◆ **About this exercise**
Keep the pictures out. Copy every line of the listing exactly.

◆ **Data shown**
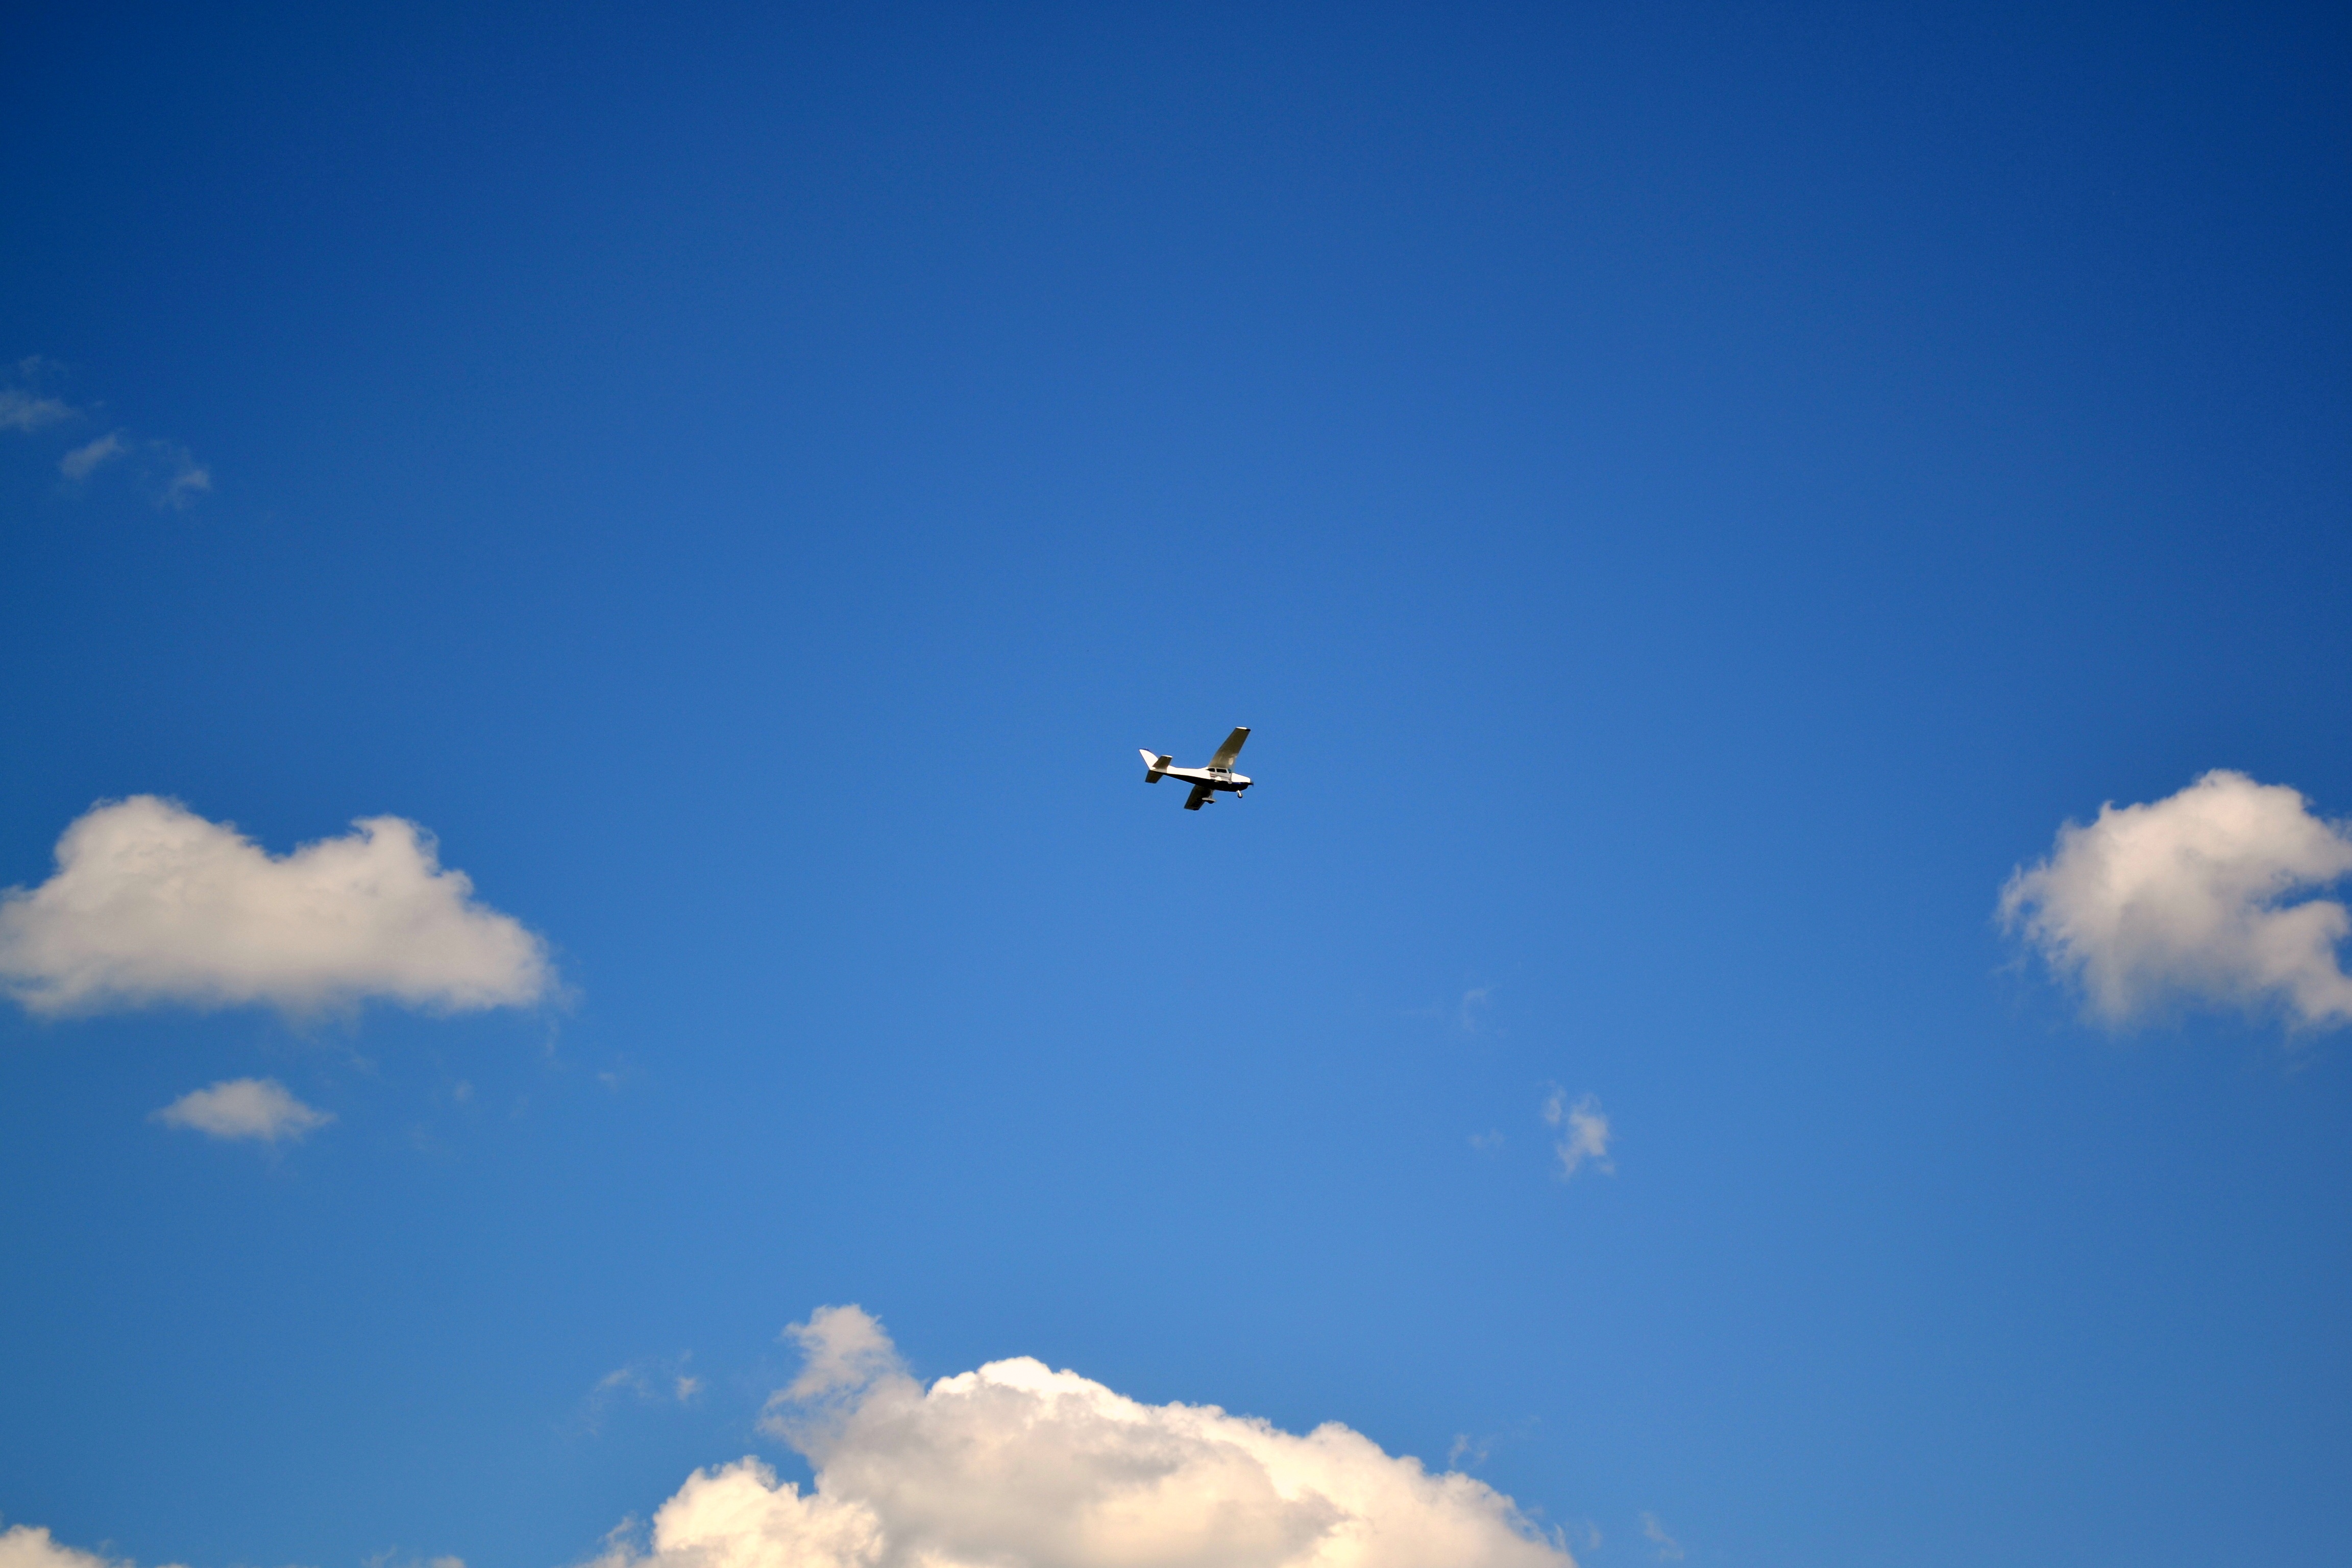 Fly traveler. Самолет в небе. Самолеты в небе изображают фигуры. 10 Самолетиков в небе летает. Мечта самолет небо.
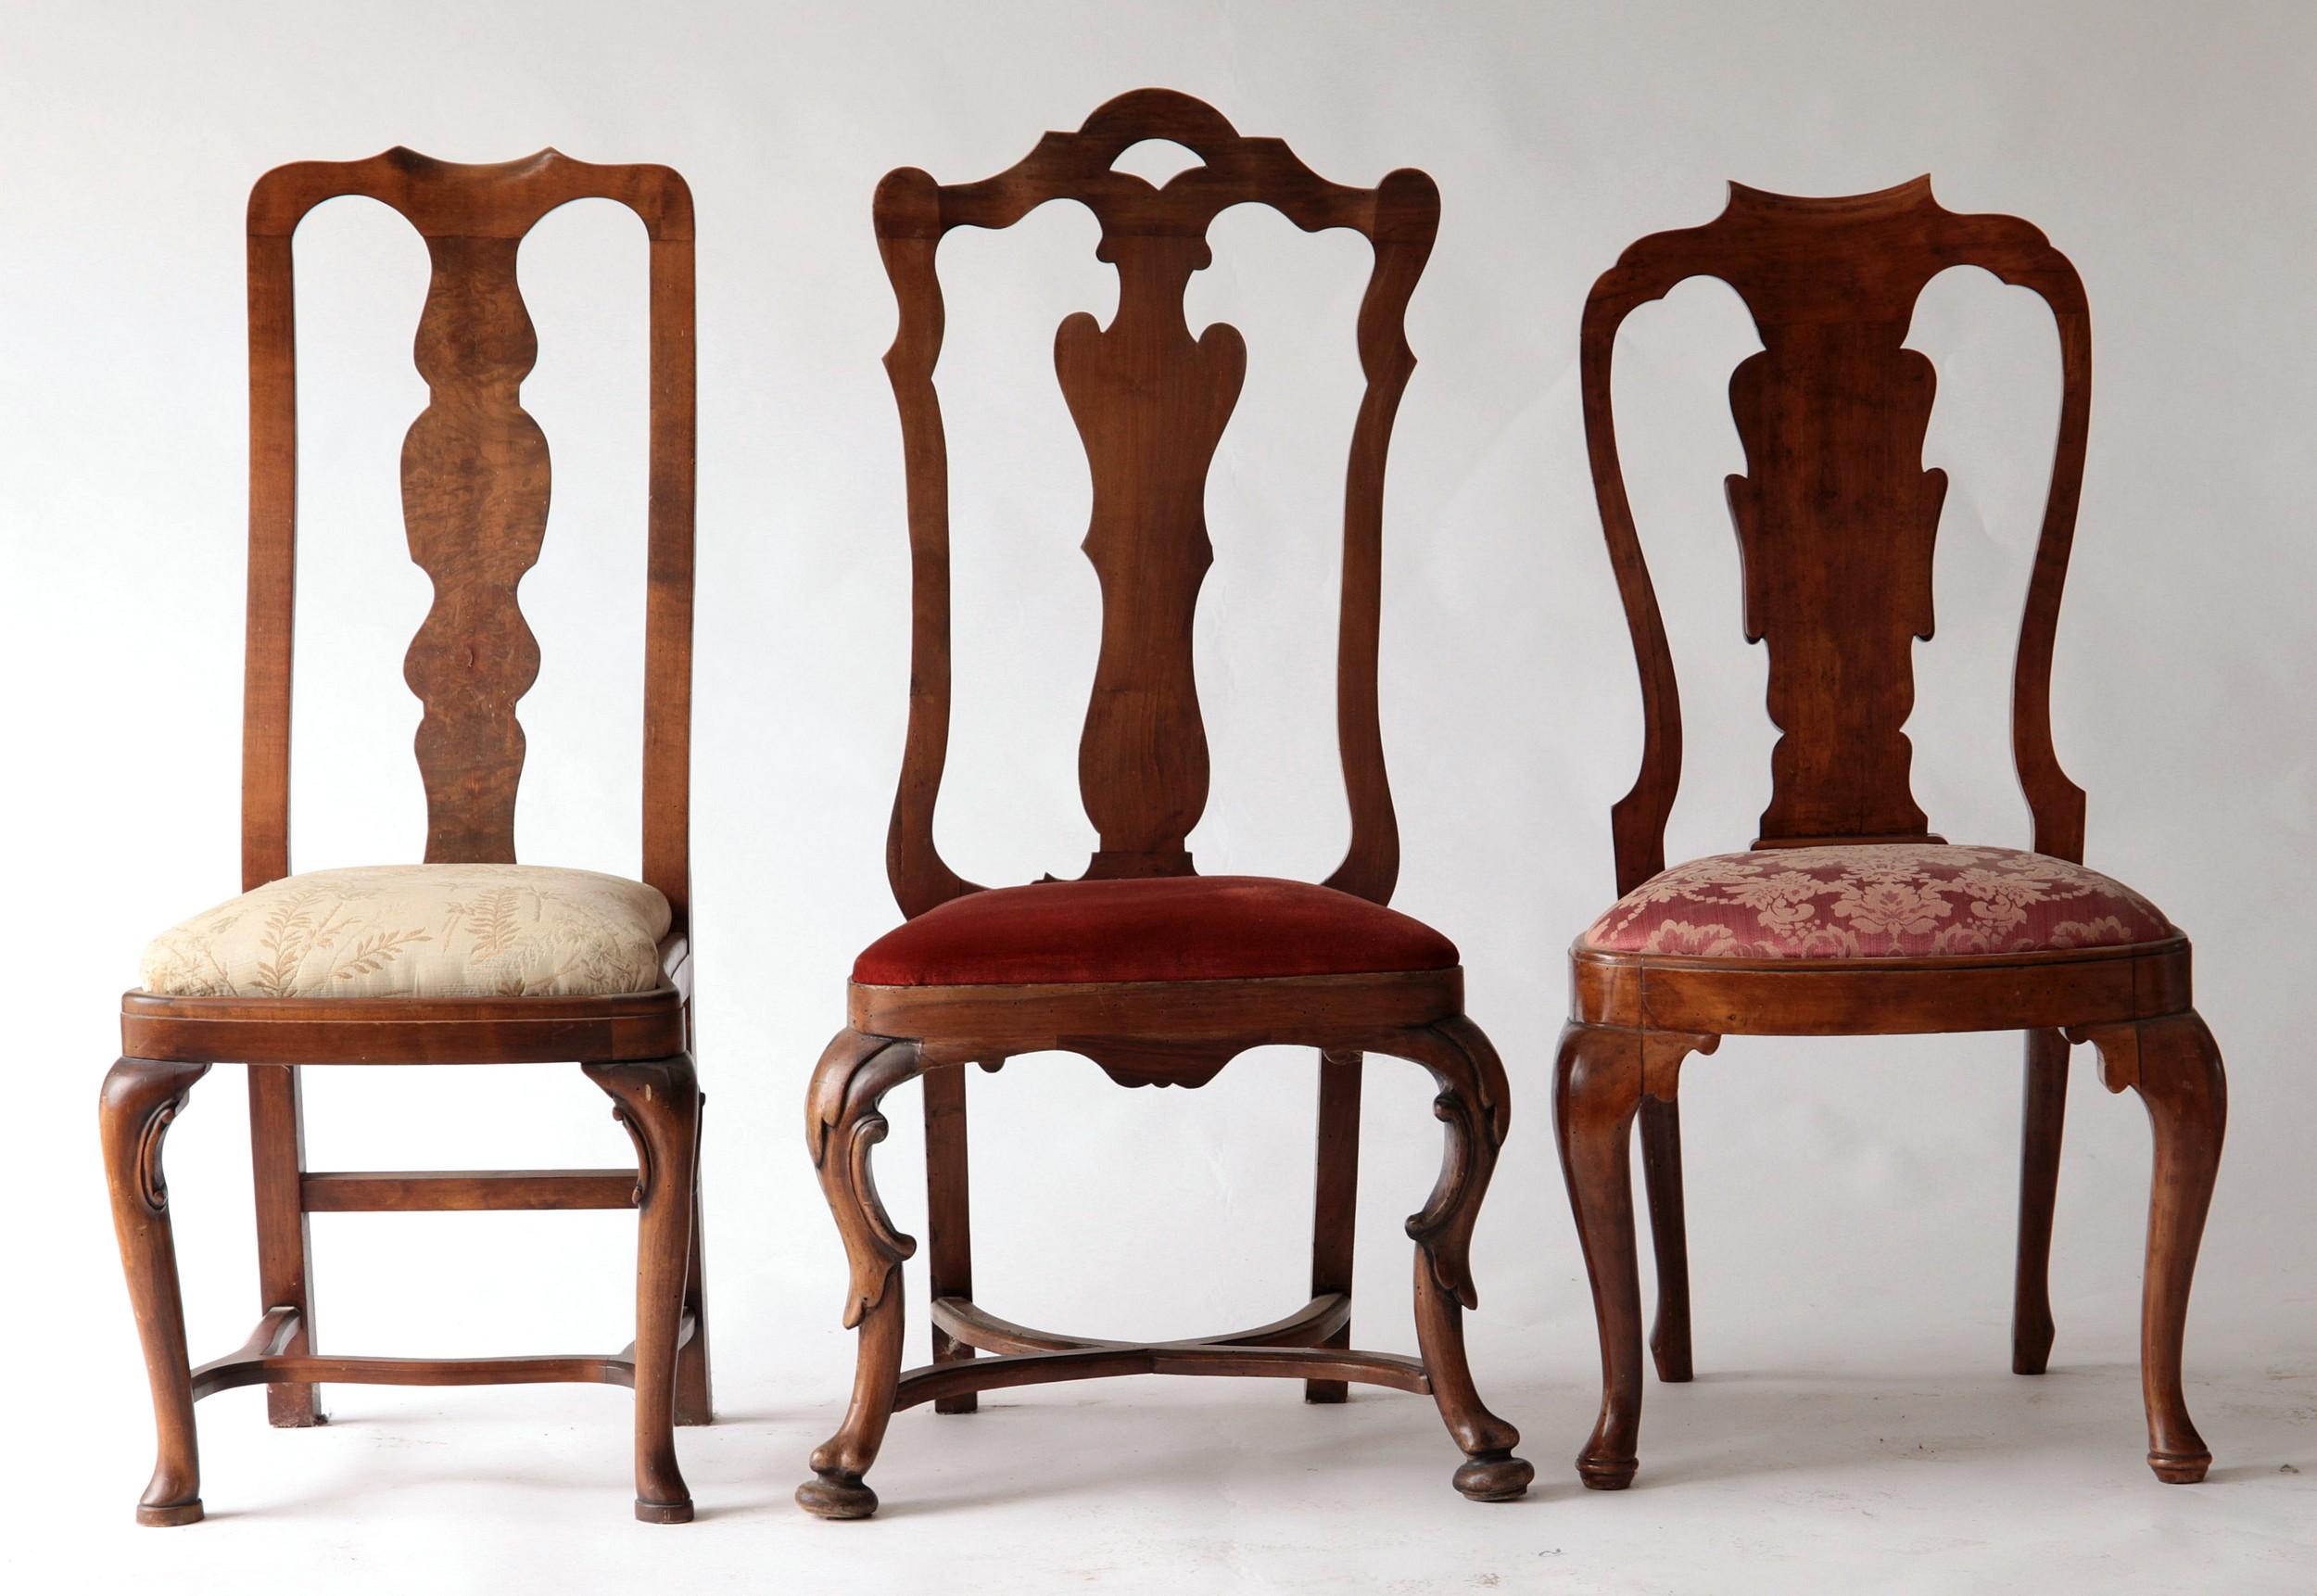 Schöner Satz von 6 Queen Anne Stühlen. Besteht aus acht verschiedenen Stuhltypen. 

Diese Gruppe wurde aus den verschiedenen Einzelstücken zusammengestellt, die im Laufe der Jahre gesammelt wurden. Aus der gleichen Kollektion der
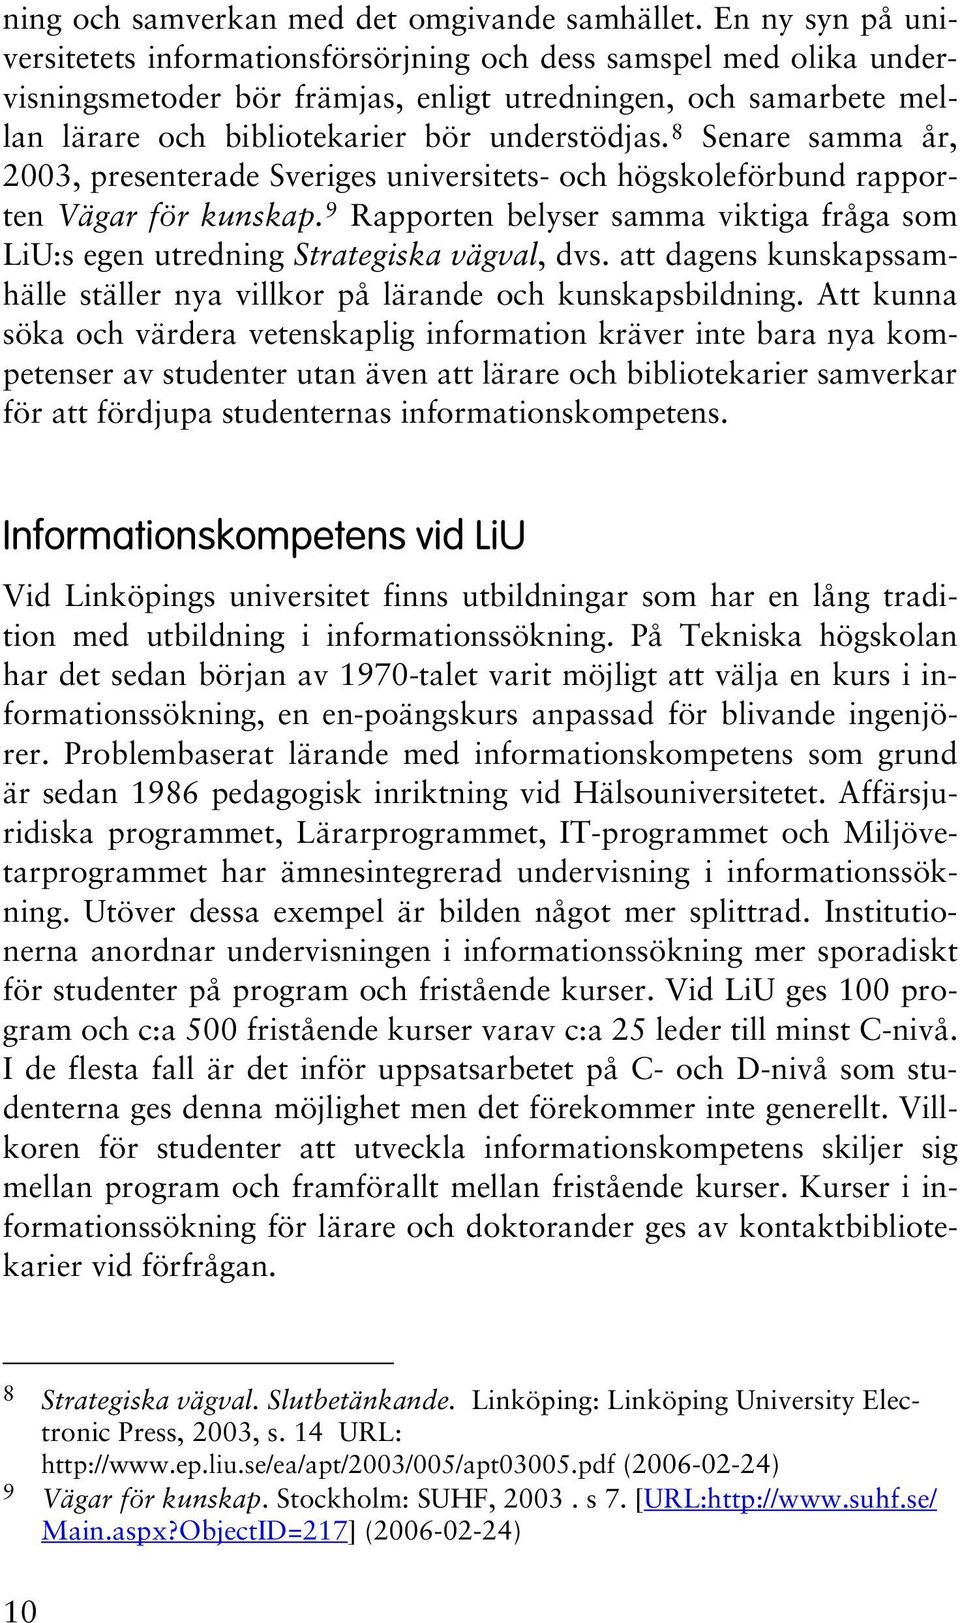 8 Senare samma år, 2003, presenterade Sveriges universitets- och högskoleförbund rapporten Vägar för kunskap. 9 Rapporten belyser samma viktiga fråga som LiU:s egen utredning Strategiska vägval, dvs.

◆ **Output of the exercise**
 Fly traveler. Самолет в небе. Самолеты в небе изображают фигуры. 10 Самолетиков в небе летает. Мечта самолет небо.
 Schöner Satz von 6 Queen Anne Stühlen. Besteht aus acht verschiedenen Stuhltypen. 

Diese Gruppe wurde aus den verschiedenen Einzelstücken zusammengestellt, die im Laufe der Jahre gesammelt wurden. Aus der gleichen Kollektion der
 8 Senare samma år, 2003, presenterade Sveriges universitets- och högskoleförbund rapporten Vägar för kunskap. 9 Rapporten belyser samma viktiga fråga som LiU:s egen utredning Strategiska vägval, dvs.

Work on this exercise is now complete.